Ces 3 fonctions permettent à l’enfant de bien se développer. C’est-à-dire de se sentir suffisamment en sécurité pour pouvoir s’ouvrir au monde, à faire le lien entre l’extérieur et ce
qui se passe en lui. Les parents ne pouvant être présents 24h/24 , ils posent un cadre et des limites à l’enfant . Du principe de plaisir animé par un surmoi qui veut tout tout de suite, l’enfant expérimente la frustration et le principe de réalité. Les parents doivent trouver un équilibre entre permission et interdiction et surtout apprendre directement ou indirectement à l’enfant de puiser dans ses ressources pour faire face à la réalité du monde. Ces sont les parents que Winnicott qualifie de « suffisamment bons ».
3. De 1 à 3 ans
A partir d’1 an, on assiste à une évolution dans l’acquisition de l’indépendance , de la différenciation et de l’individuation de l’enfant. Il passe alors les étapes du sevrage, de la
marche, du langage et de l’imitation. La première année se termine donc par l’apparition de l’intelligence manipulatoire. Il ne reproduit plus de manière stéréotypée les gestes des autres mais créer de vraies explorations actives. Il est maintenant prêt à développer sa pensée subjective et à se déplacer.
Fini le bébé-objet que l’on prend, transporte et dépose . Ses fonctions motrices s’affinent et se renforcent progressivement ce qui lui permet une nouvelle exploration de l’espace en toute autonomie relative. Le monde concret devient alors plus vaste. C’est l’âge où les parents courent derrière leur enfant bien trop excité à l’idée de conquérir le monde par lui-même. L’enfant commence à intégrer sa toute puissance et son impact direct sur le monde matériel.
L’être humain étant un être social, cette découverte du monde s’accompagne de l’acquisition progressive du langage. Afin de rentrer en lien avec le monde qui l’entoure, de pouvoir communiquer et surtout se faire comprendre, il acquiert la parole : Mimétisme, répétition, injonctions sommaire puis élaboration simpliste de récits dont seuls les proches peuvent en décoder le sens…
Grâce à la parole et au pouvoir de communication, il va pouvoir structurer peu à peu sa pensée encore chargée d’affect. La conscience de Soi apparaît. A cette âge,pour l’enfant, le
seul point de vue qui compte, c’ est le sien car il ne connaît aucune autre expérience que la sienne.
Le non apparaît ensuite vers 18 mois. Cela signifie qu’il comprend les limites de ses parents et, par mimétisme, il s’approprie ce pouvoir. Ayant maintenant conscience d’exister et de sa différence, Il développe sa conscience réflexive.

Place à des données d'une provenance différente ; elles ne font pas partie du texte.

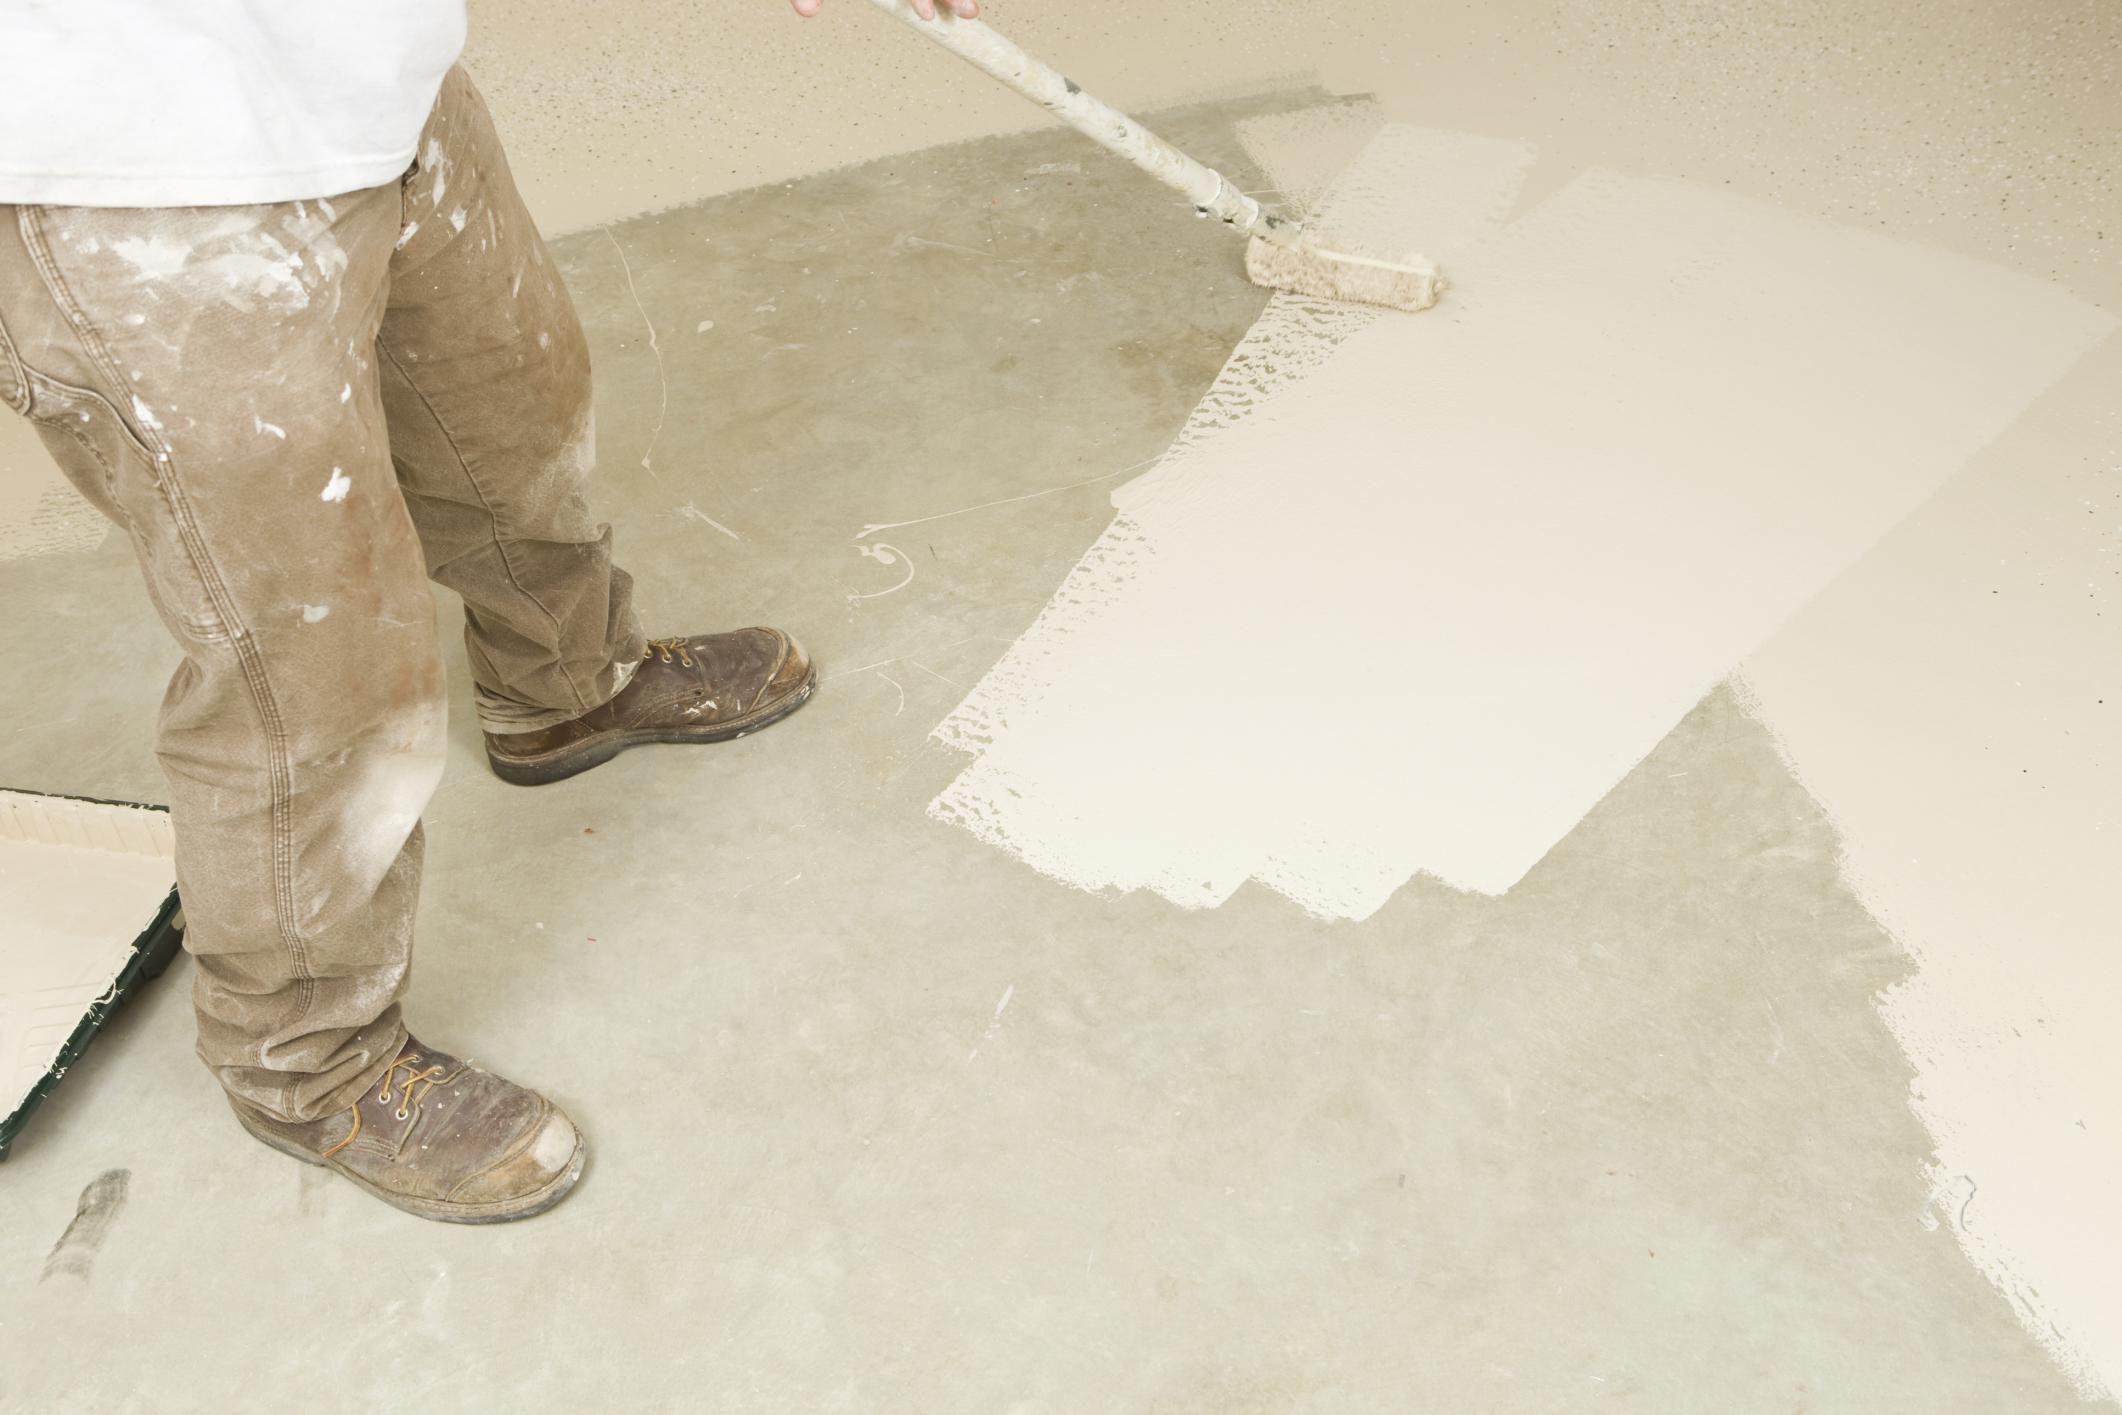 Покраска бетона валиком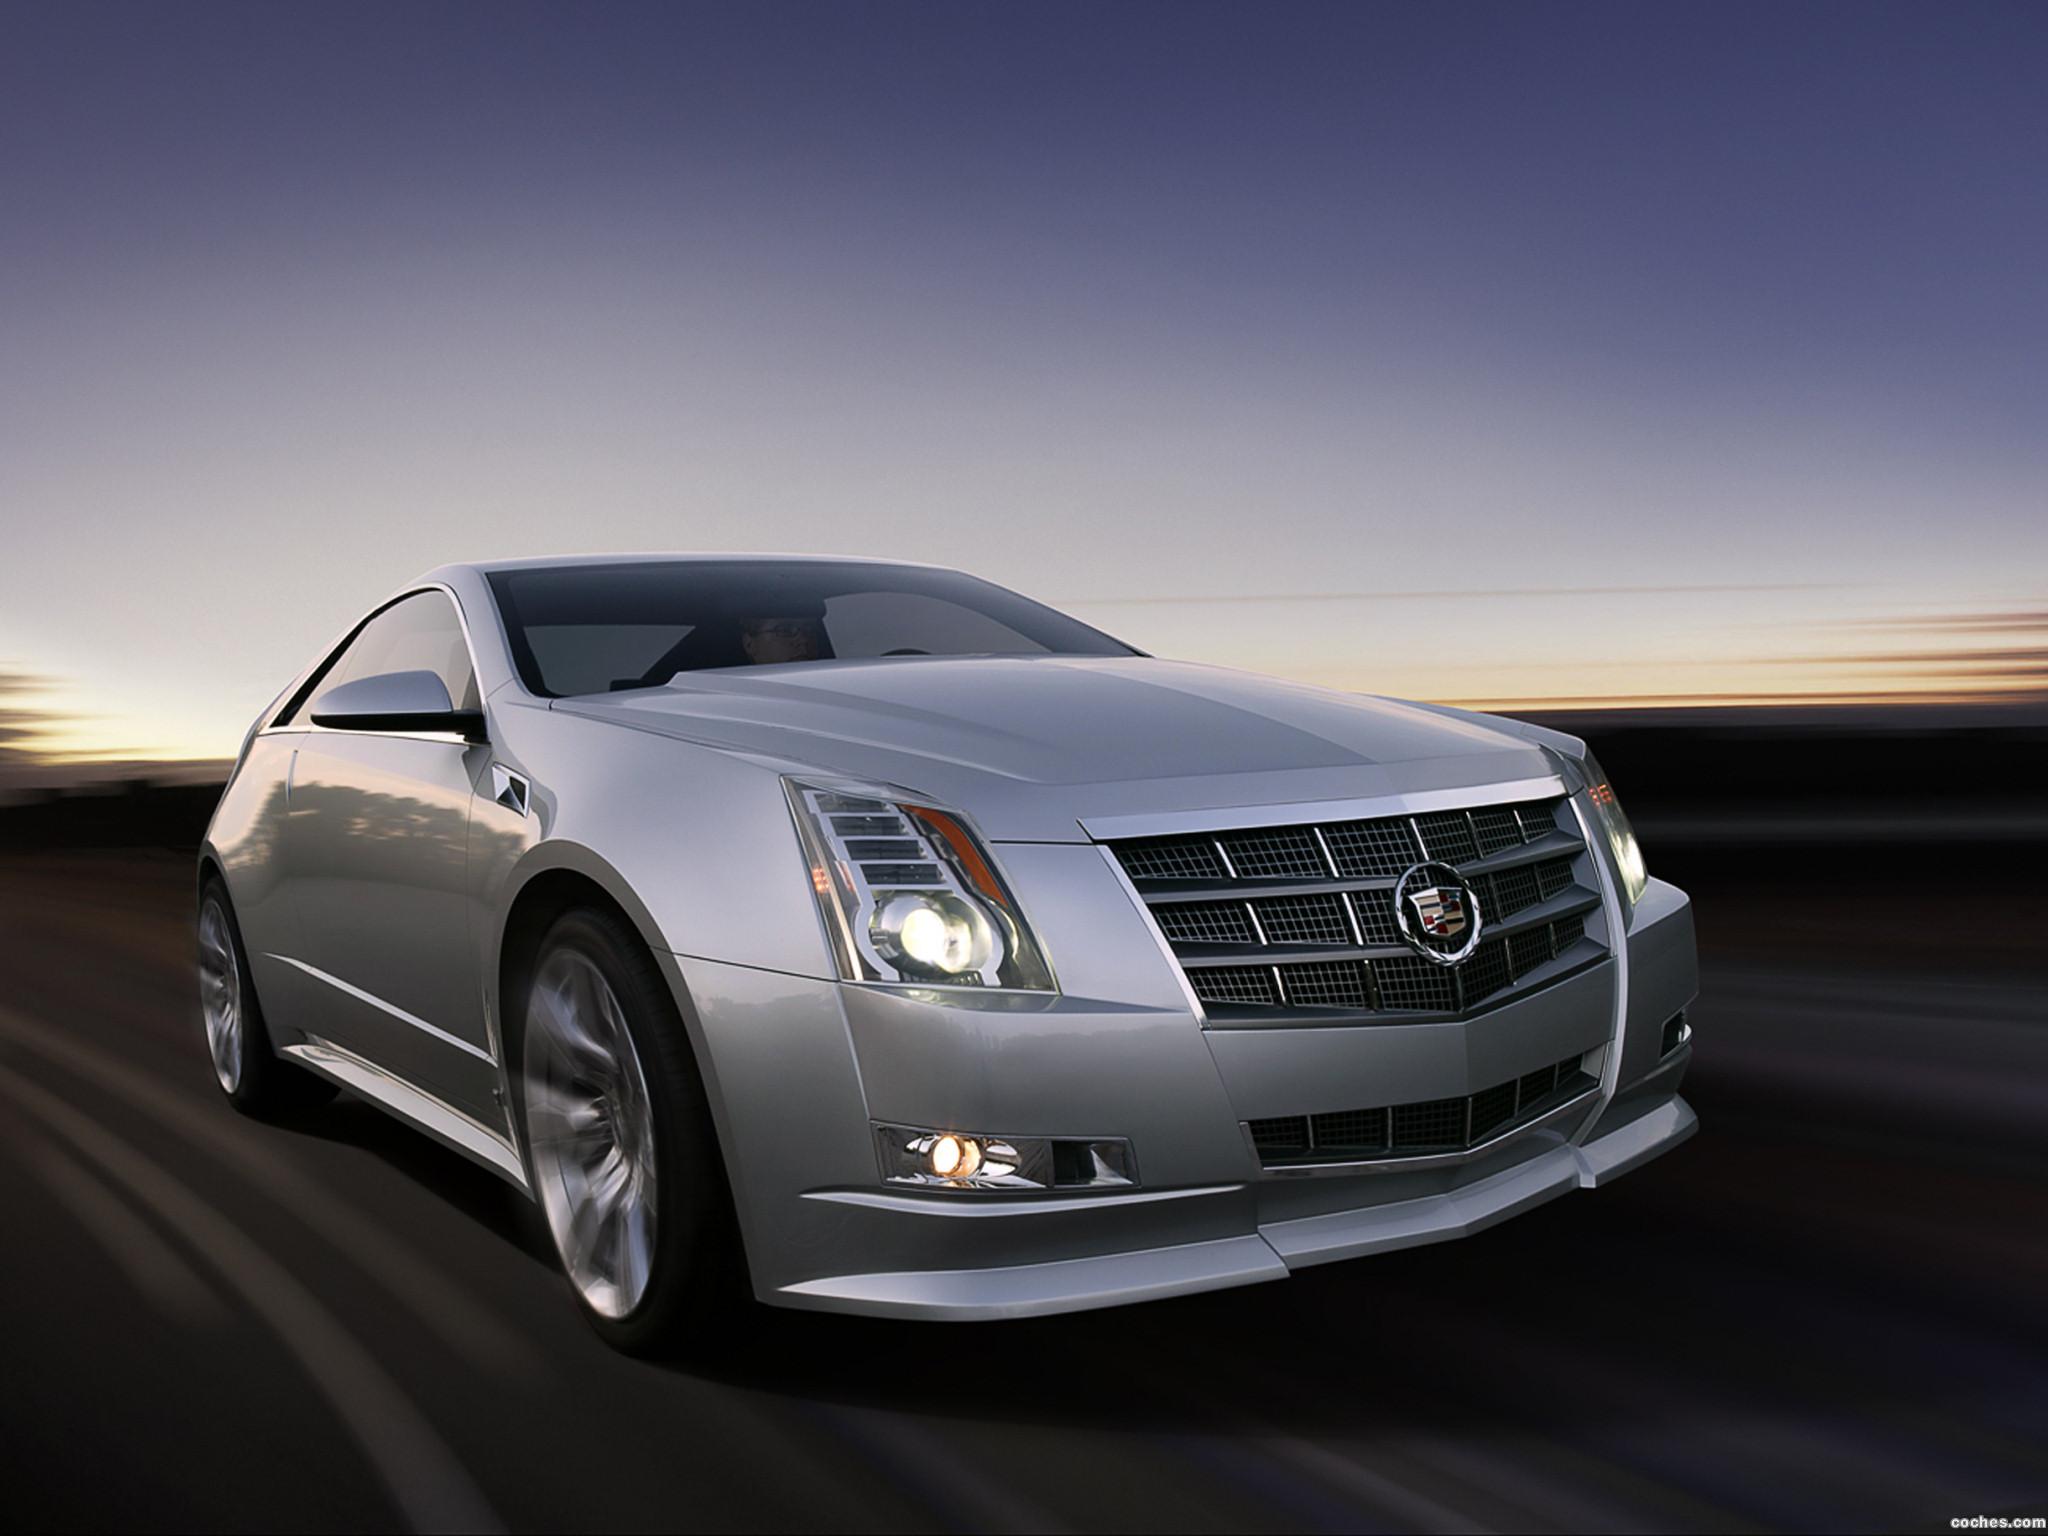 Foto 0 de Cadillac CTS Coupe Concept 2008

C’est le début de la pensée préopératoire avec l’accès à la fonction symbolique.
Jusqu’à 3 ans, l’enfant consolide son rapport à ses limites corporelles, voit et observe ses selles dans le pot et ne craint plus de perdre une partie vitale de lui. Il peut enfin les
considérer comme inutiles et les jeter dans les toilettes sans se sentir menacé.
Il comprend également les attentes, les fiertés et les déceptions de ses parents ainsi que les limites . De l’espace intime de la famille, il s’ouvre au monde. Il est prêt à intégrer un groupe social. 3 ans, c’est l’âge d’entrer en maternelle !
4. de 3 à 5 ans
L’enfant qui trottinait et balbutiait renforce à présent ses acquis et sa différenciation jusqu’à développer une vision égocentrée ou égocentrique du monde. Il a conscience désormais
qu’il est le personnage principal de sa vie comme le témoigne le passage de l’utilisation de la 3ème personne du singulier à la 1ère. Mimer ou se conformer ne suffit plus . Il faut jouer de stratégie pour atteindre un objectif tout en « négociant » avec le principe de réalité qui s’oppose au principe de plaisir.
Sur le plan affectif, l’enfant se rend compte qu’il doit partager sa mère avec son père, ses frères et sœurs. Il reconnaît sa mère comme une individualité propre. Il doit, par la même occasion, franchir ce que Freud nomme le « complexe d’Œdipe » pour constituer son identité sexuée . L’enfant va donc se rapprocher du parent du sexe opposé, va tenter de le séduire en niant la différence des generations. Le petit garçon qui veut se marier avec sa mère. De manière appropriée (avec empathie et sans humilier), les parents posent alors la limite et permettent à l’enfant d’intégrer le premier interdit symbolique : le tabou de l’inceste.
La consolidation du Surmoi au travers d’ interdits extérieurs (éducation, loi …) permettra plus tard à l ‘enfant de trouver des solutions (ou compromis ) dans ses ressources intérieures pour contenir son Ça.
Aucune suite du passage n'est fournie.